AA: We’re working hard to ensure that Sinister Dexter honors the design philosophy and spirit of Spellbinder well. The truth is that Spellbinder is a great game that’s had its already tight balance further refined by passionate community members for more than three decades. By staying close to proven mechanics and balance we reduce our chance of undoing all that hard work already invested by the community.

That said, even a great game design has a few places that can be improved, and we’re working with Dr. Richard Bartle, the game’s original creator, to address those fixes. As a preview, the core dueling mechanics remain unchanged, though some problematic spells have been tuned. Also, we’ve shared our rules tweaks with a select handful of champion-level players in the community, and are in close communication with them to gather feedback. We also plan to run a closed beta and iterate upon these tweaks to ensure the best dueling experience we can deliver.

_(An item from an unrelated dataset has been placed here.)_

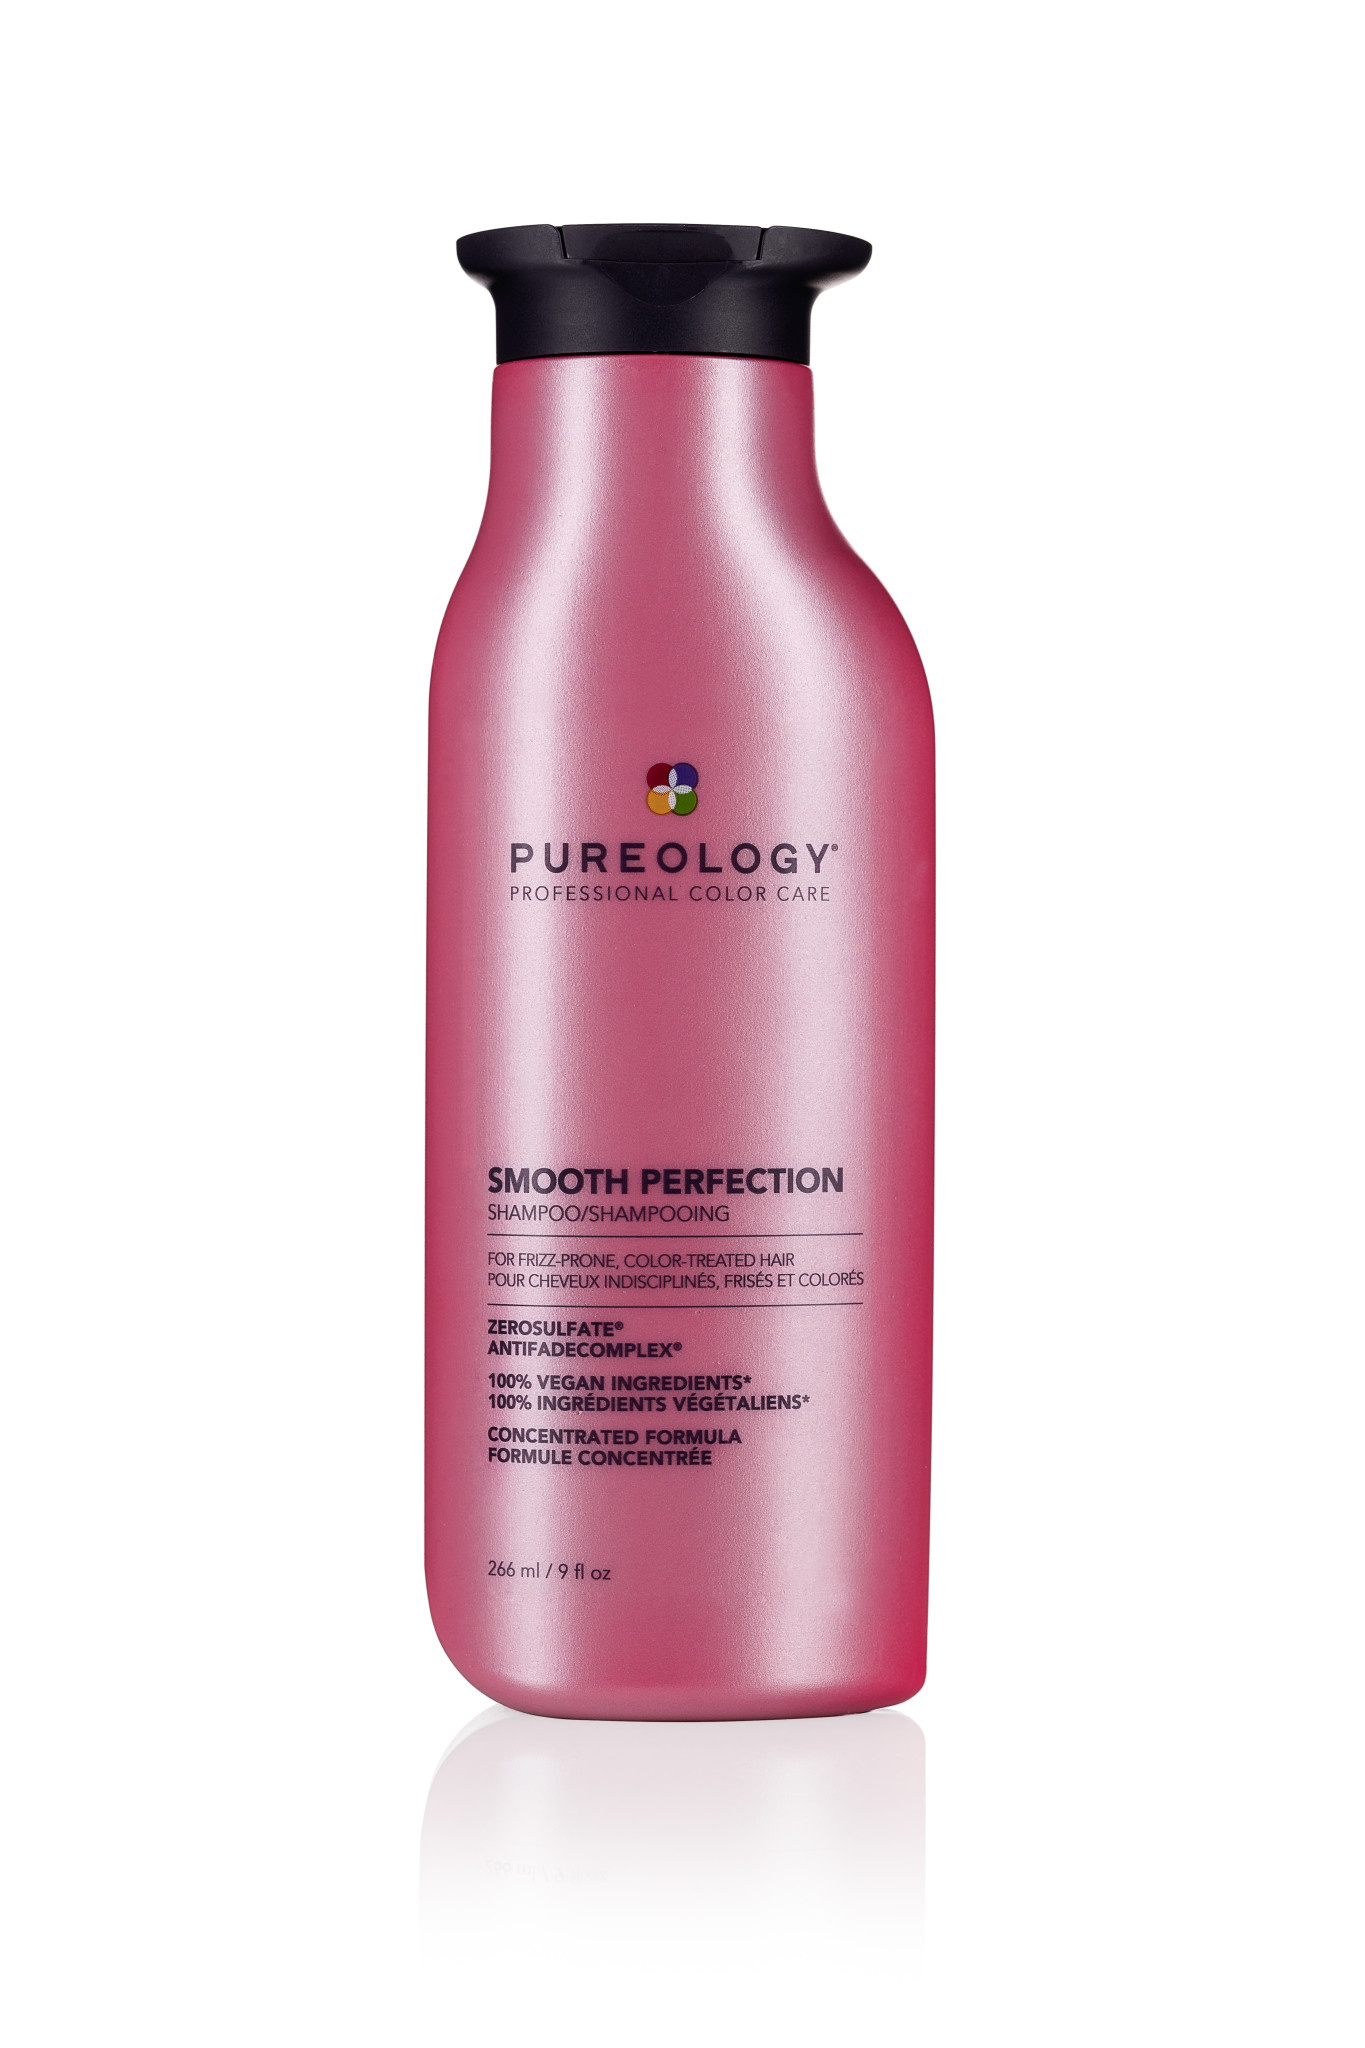 PUREOLOGY - SMOOTH PERFECTION Shampooing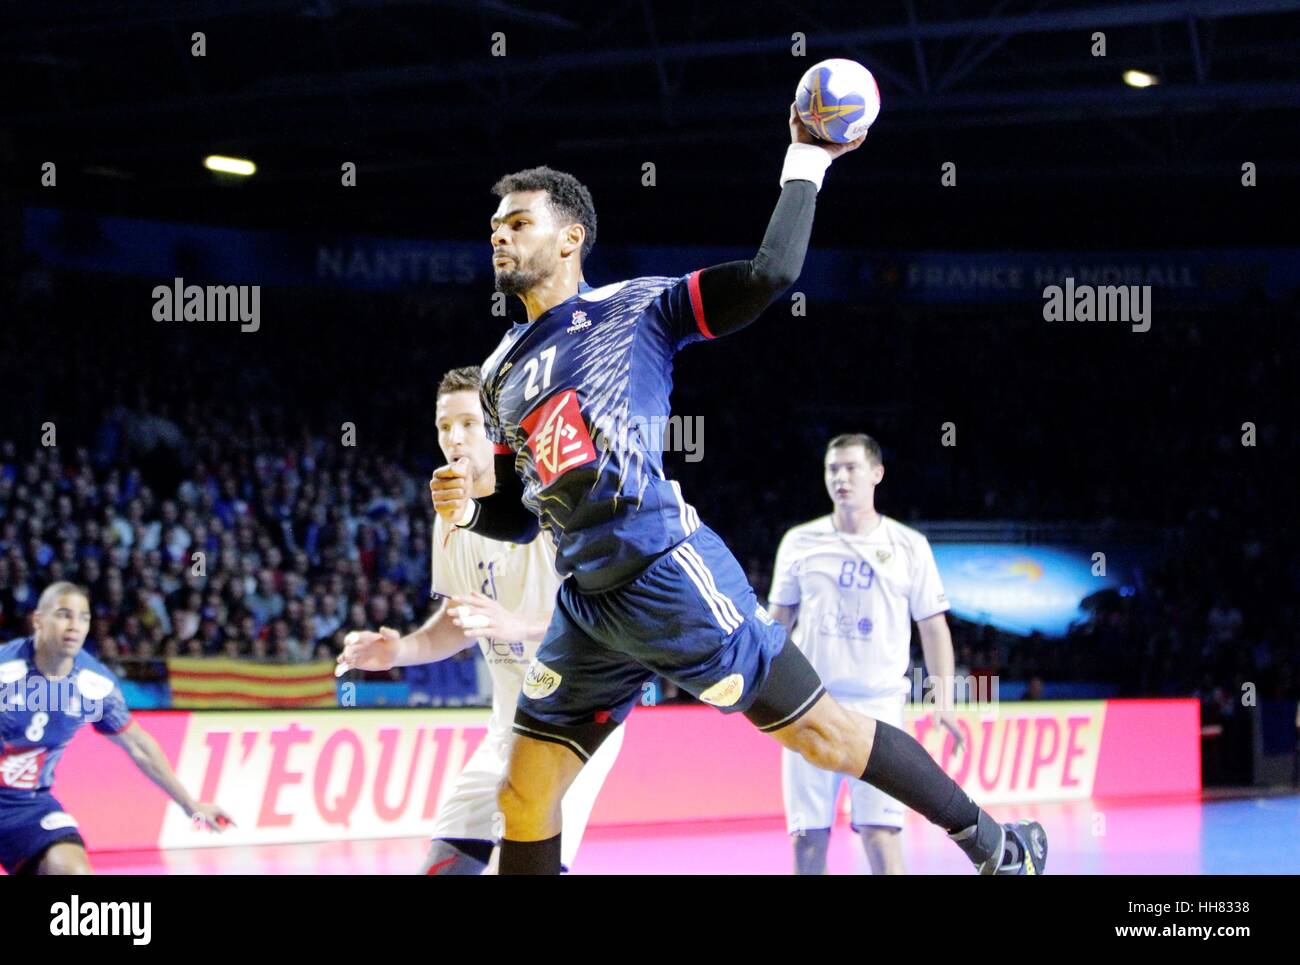 Nantes, France. 17th January, 2017. Adrien Dipanda of France seen during the France vs Russia game for the Men's Handball Championship in Nantes. Credit: Laurent Lairys/Agence Locevaphotos/Alamy Live News Stock Photo

IMA: What was the experience of working with Dr. Bartle like for the team?

AA: Our interaction with Dr. Bartle has been really rewarding for the team here at Fixer Studios. As a group that’s working on Sinister Dexter for the love of the project, having his full support and enthusiasm has buoyed our spirits as well as helped tune game mechanics.

As a designer and scholar, he has a deep level of understanding for player motivations that inspire us to make a game we hope players will find treats them with the utmost respect. Also, it’s been a lot of fun learning the context for a game some of us have played for more than a decade.

For instance, we asked Dr. Bartle why a particular spell was called “Time Stop” when its effects more skewed or warped time than stopping it. His answer was that Rocky Horror Picture Show had just been released in 1975, and at the time he was hesitant to “Do the Time Warp” again. All in all, we couldn’t be happier with our partnership with Dr. Bartle, and if you have the chance to collaborate with him, we strongly encourage it.

IMA: Are there any other games currently in development at Fixer Studios?

AA: Nope, currently we’re a one-project team. Once Sinister Dexter is launched and has a good update cadence going, we’ll sit down (even virtually) as a team and discuss what we’d like to do next.